Anti-depressants: There is an increased risk of postural hypotension with tricyclic antidepressants. There may also be an increased risk of hypokalaemia if thiazides are given with reboxetine. Concomitant use with monoamine oxidase inhibitors (MAOIs) may also give an increased hypotensive effect.
Oestrogens and progesterons: Oestrogens and combined oral contraceptives may antagonise the diuretic effect of thiazides.
Antipsychotics: Hypokalaemia increases the risk of ventricular arrhythmias with pimozide or thioridazine; therefore, concomitant use should be avoided.
Terfenadine: Hypokalaemia or other electrolyte imbalance also increases the risk of ventricular arrhythmias with terfenadine.
Laboratory tests: Bendroflumethiazide may interfere with a number of laboratory tests, including estimation of serum protein-bound iodine and tests of parathyroid function.
Allopurinol: Bendroflumethiazide may antagonise the action of allopurinol by causing retention of urate in the kidney. Caution is advised when using this combination.
Antidiabetics: Bendroflumethiazide antagonises the hypoglycaemic effect of sulfonylureas, with a potential loss of diabetic control.
Antihvpertensive: Bendroflumethiazide may enhance the antihypertensive effect of ACE inhibitors and angiotensin-II antagonists. There is an increased risk of first dose hypotensive effect of post-synaptic alpha-blockers such as prazosin.
Calcium salts: Bendroflumethiazide reduces urinary excretion of calcium so there is an increase risk of hypercalcaemia when calcium salts are taken concurrently. Serum calcium levels should be monitored to ensure that they do not become excessive.

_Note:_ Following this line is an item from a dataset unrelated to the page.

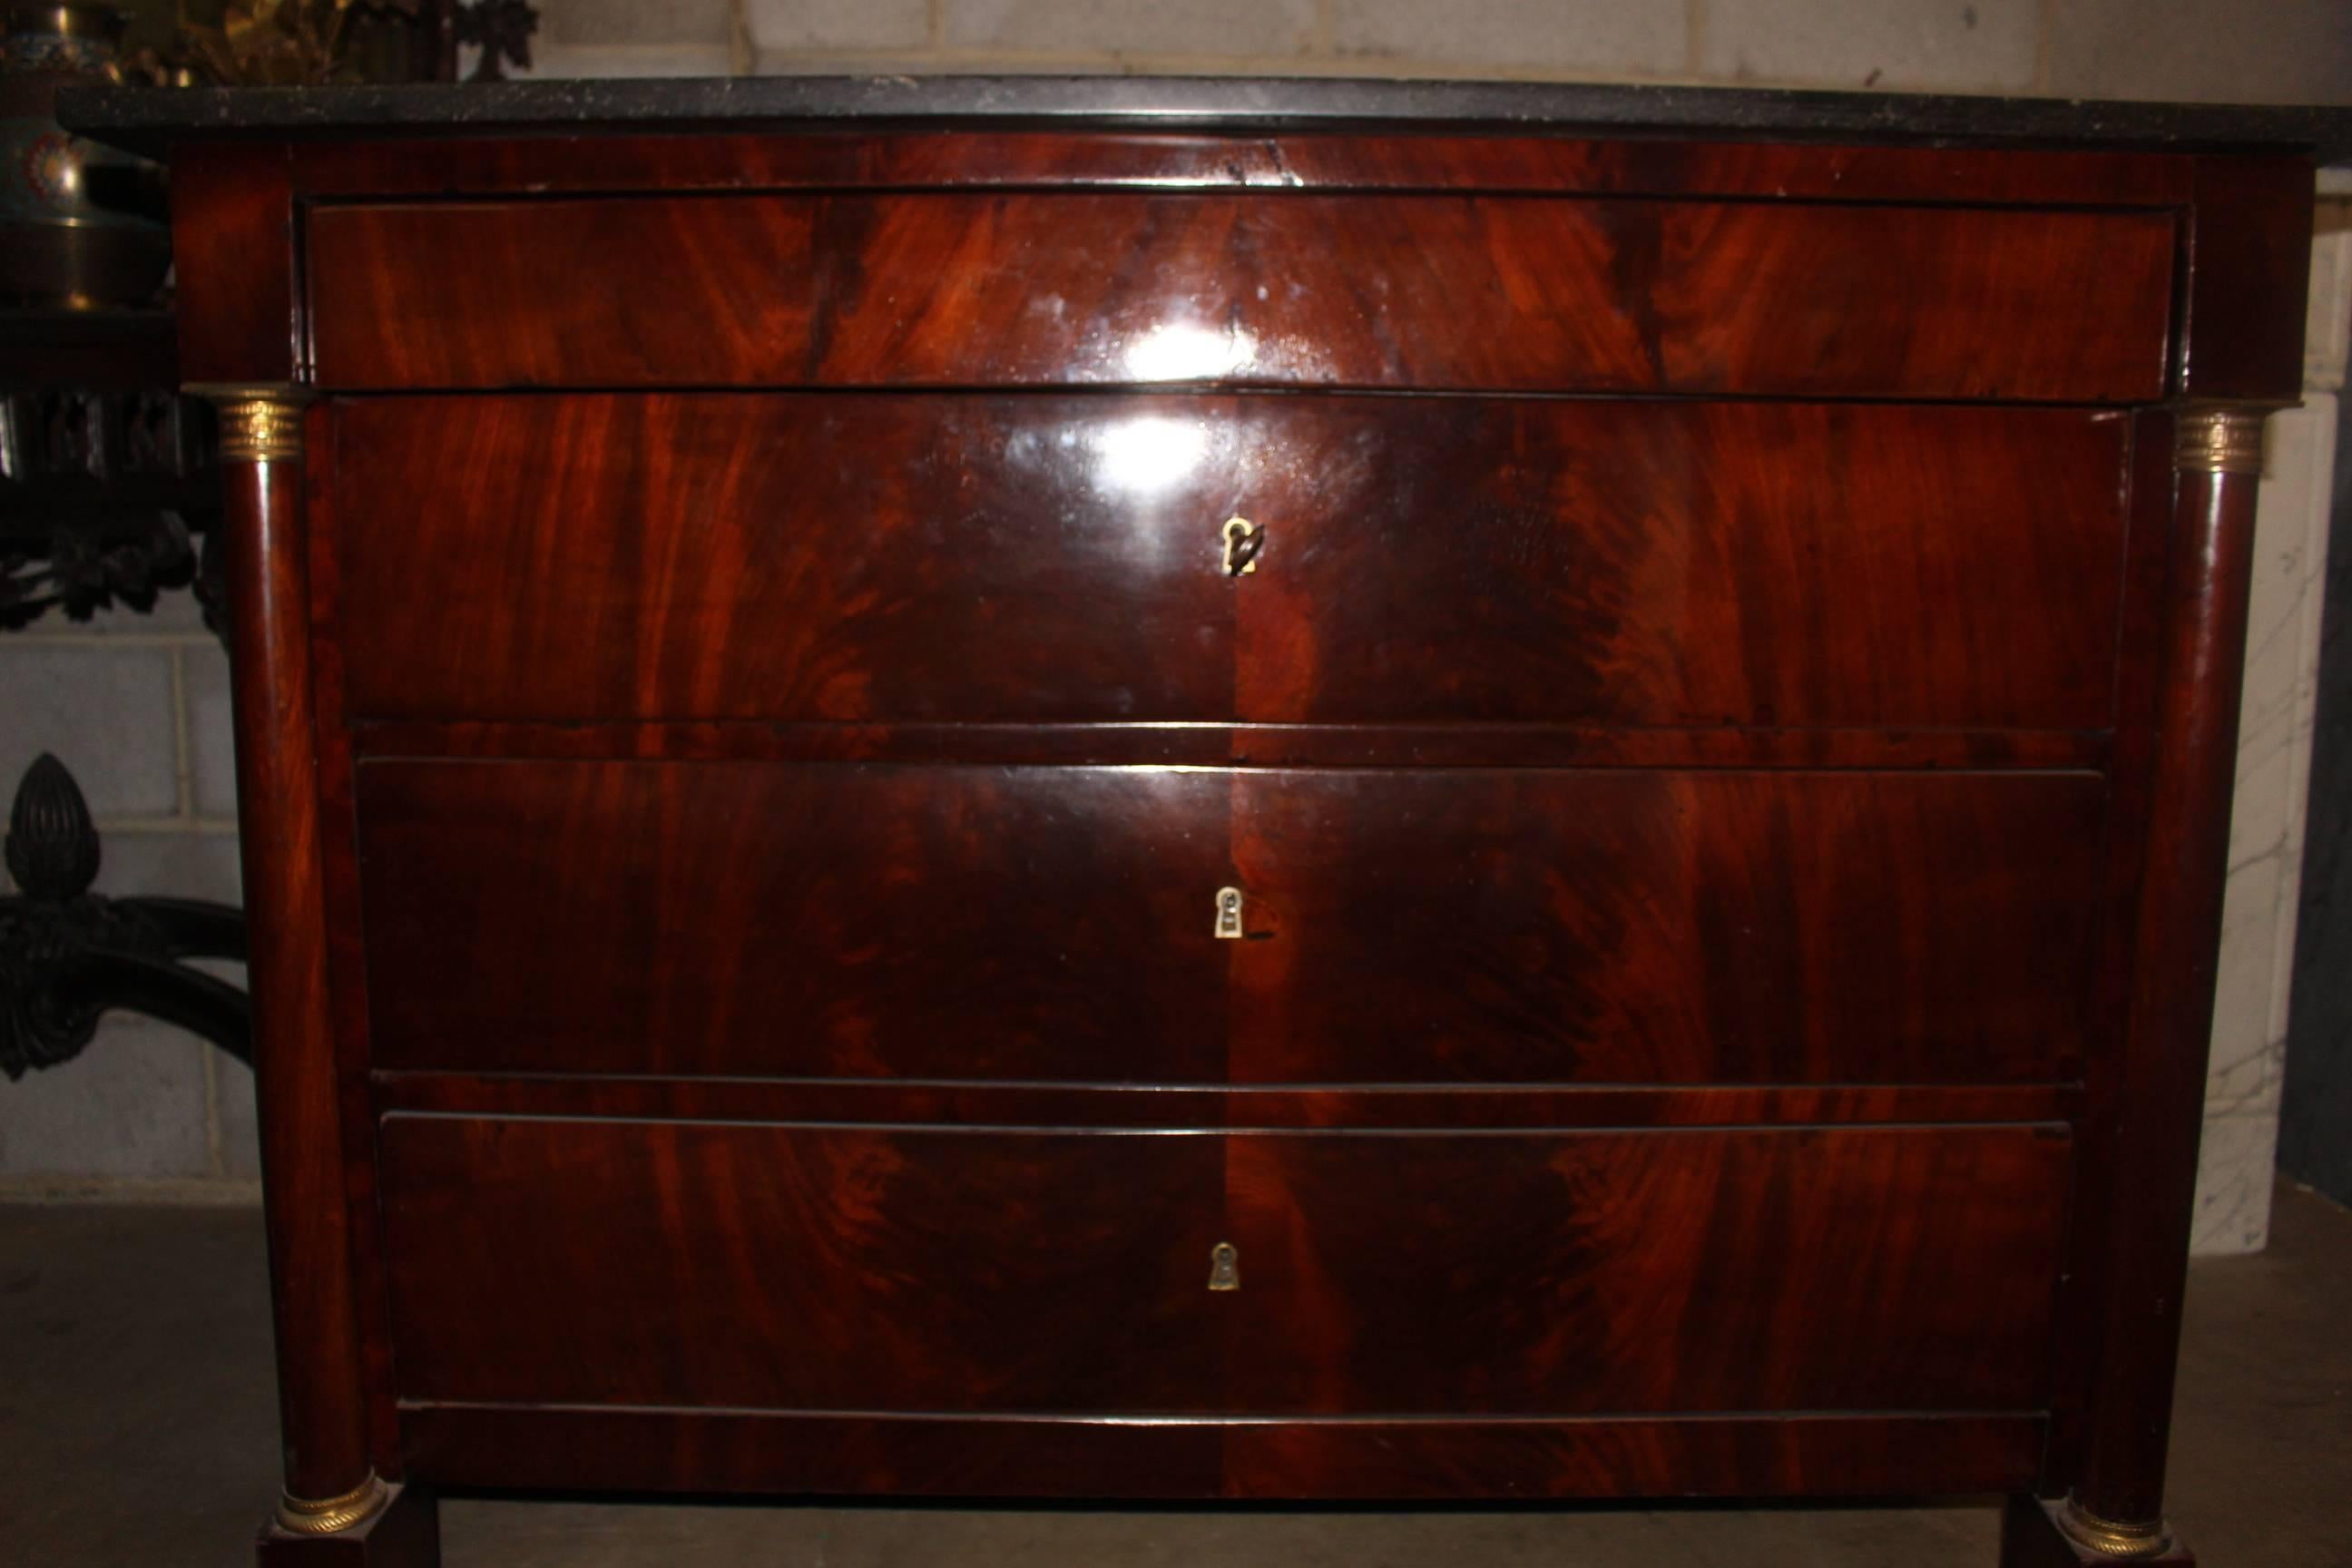 An early 19th century French Empire mahogany commode with bronze mounts and a dark gray stone top.  The chest of drawers is very handsome and functional and is in very good condition. There is a key that opens the drawer leaving the facade very

Sympathomimetics: Sympathomimetics can cause hypokalaemia. The risk of serious heart arrhythmias in asthamatic patients may be increased if Bendroflumethiazide is added to their medication.
Theophylline: Concomitant administration of theophylline and Bendroflumethiazide increases the risk of hypokalaemia.
Ulcer healing drugs: There is an increased risk of hypokalaemia and a decrease in diuretic activity when carbenoxolone and Bendroflumethiazide are taken together. Patients should be monitored and given potassium supplements when required.
4.6 Fertility, Pregnancy and lactation
Diuretics (bendroflumethiazide) are best avoided for the management of oedema of pregnancy or hypertension in pregnancy as their use may be associated with hypokalaemia, increased blood viscosity and reduced placental perfusion.
There is inadequate evidence of safety in human pregnancy and foetal bone marrow depression and thrombocytopenia have been described. Foetal and neonatal jaundice have also been described.
As diuretics pass into breast milk and Bendroflumethiazide can suppress lactation, although the amounts passing into breast milk are small, its use should be in mother’s who wish to breast feed.
4.7 Effects on ability to drive and use machines
Although Bendroflumethiazide may not affect driving ability directly, adverse events such as hypotension, dizziness etc may impact this ability. Therefore, patients experiencing such adverse events should take care not to drive or operate machinery.
4.8 Undesirable effects
The following undesirable effects, which are listed in system order class, have previously been associated with Bendroflumethiazide. Specific frequencies for the occurrence of these effects are not available.
All thiazide diuretics can produce a degree of electrolyte imbalance, e.g. hypokalaemia.
Immune system disorders:
Hypersensitivity reactions
Metabolism and nutrition disorders:
Thiazide diuretics sometimes lower carbohydrate tolerance and the insulin dosage of the diabetic patient may require adjustment. Care is necessary when bendroflumethiazide is administered to those with a known predisposition to diabetes (hyperglycaemia reported).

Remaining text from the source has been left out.